Anti-Reward-Hacking Design

Multiple independent reward signals — gaming all of them simultaneously is harder than gaming one
GenerationInspectionCallback prints raw completions every 25 training steps for manual review
Reasoning gate: No <think> block → outcome reward zeroed in Stage 2+ (prevents format exploitation)
Direction gate: Wrong bail direction → statutory bonus capped (prevents partial-credit gaming)
Bias penalty operates as a separate signal, not folded into outcome (ensures visibility)
Schema drift (Stage 4) tests adaptability, not pattern memorisation
Diversity signal flags reward-collapse — prints [WARNING] Reward variance collapsed if the policy converges to a single outcome
Tool-invocation tracking: process_bonus only fires when episode-specific custody/threshold values (which are not in the user prompt) appear in the model's reasoning — strong proxy for actual tool use

Gaming resistance verified via unit tests:

Completion Type	Sample Reward	Verification
Ideal (full reasoning, all tools, correct outcome)	1.15	✅ PASS
Filler (generic reasoning, minimal tools)	0.66	✅ PASS
Minimal (bare XML, no tools)	0.32	✅ PASS
Tool spam (redundant calls, no reasoning)	0.17	✅ PASS

GRPO correctly ranks ideal > filler > minimal > spam.

Training

Uses GRPO (Group Relative Policy Optimization) via TRL + Unsloth on Qwen2.5-7B-Instruct (4-bit quantized + LoRA r=16 — i.e. QLoRA).

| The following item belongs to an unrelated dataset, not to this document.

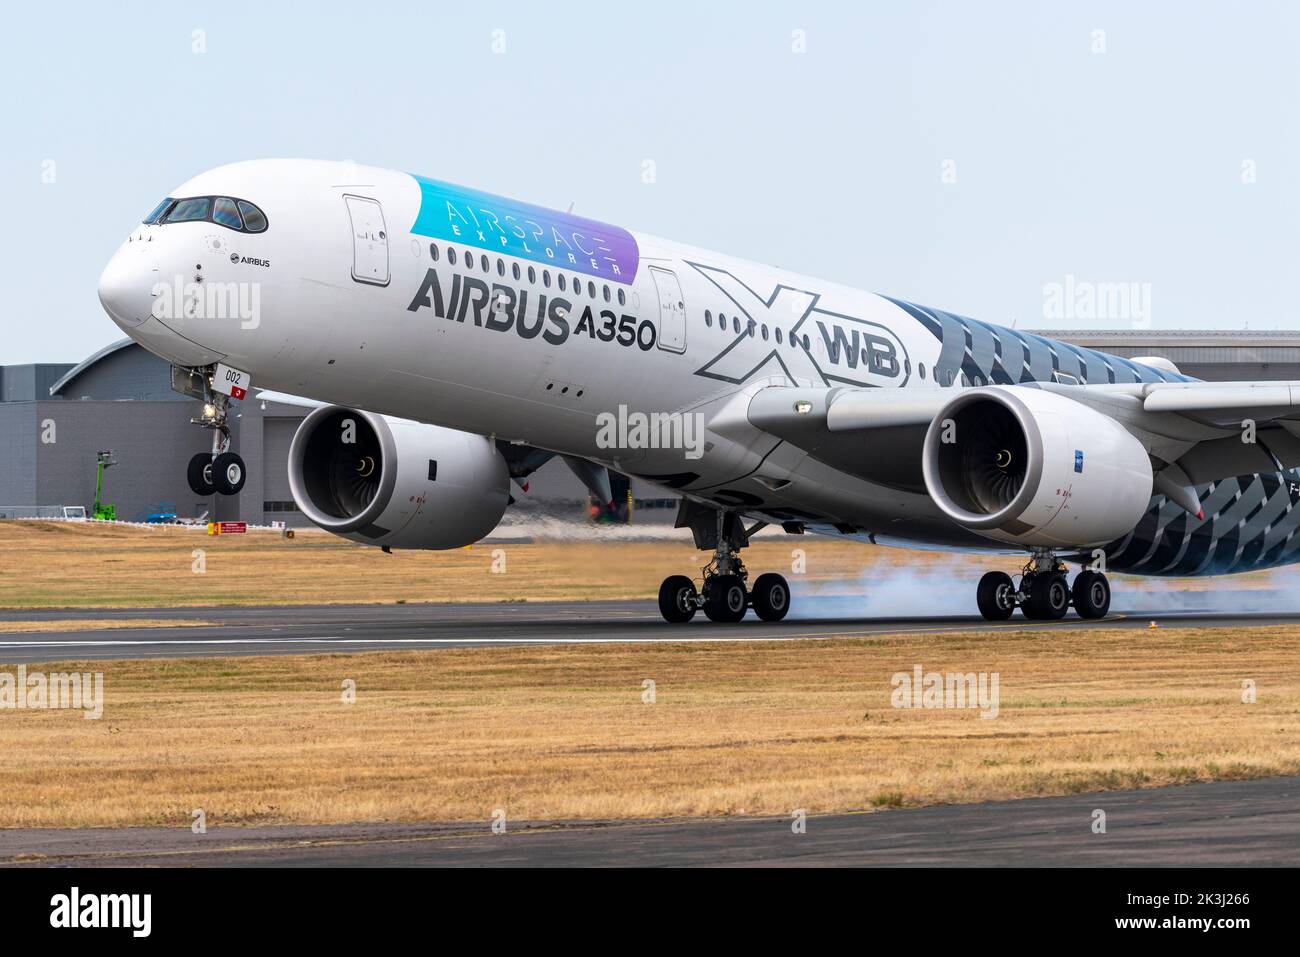 Airbus A350 airliner jet plane landing after display at the Farnborough International Airshow 2022. A350 900 test aircraft touching down after display Stock Photo

Hybrid Training / Evaluation Design

Key design decision: UndertriAI uses a hybrid offline/online architecture to balance speed and correctness.

Reward computation during training: in-process (offline).
The trainer imports the same server/reward.py module that the deployed FastAPI server uses and calls combined_reward(...) directly. This gives bitwise reward parity with the env-API path while avoiding ~64 HTTP calls per training step (num_generations × grad_accum × 2 calls per rollout). On a single A10G, in-process scoring lets four curriculum stages fit into a ~3h budget; the equivalent online path would require ~5–6h of wall time mostly spent in network I/O.
Adaptive curriculum mechanisms: live env API.
The /profile, /adaptive_status, and stage-promotion logic always go through the deployed environment so per-domain EMA tracking and weakness-targeted episode selection observe real environment state.
Evaluation: in-process scoring with bitwise parity to the env API.
Per-stage before/after numbers in Results & Verification are produced by evaluate_on_stage(...) calling combined_reward(...) against the same model checkpoint. Because combined_reward is the same function object the deployed env imports, replaying the same episodes through rollout_via_env_api() against the live HF Space returns identical scores up to sampling stochasticity. The Live Demo HF Space serves the trained adapter through the env API end-to-end for interactive verification.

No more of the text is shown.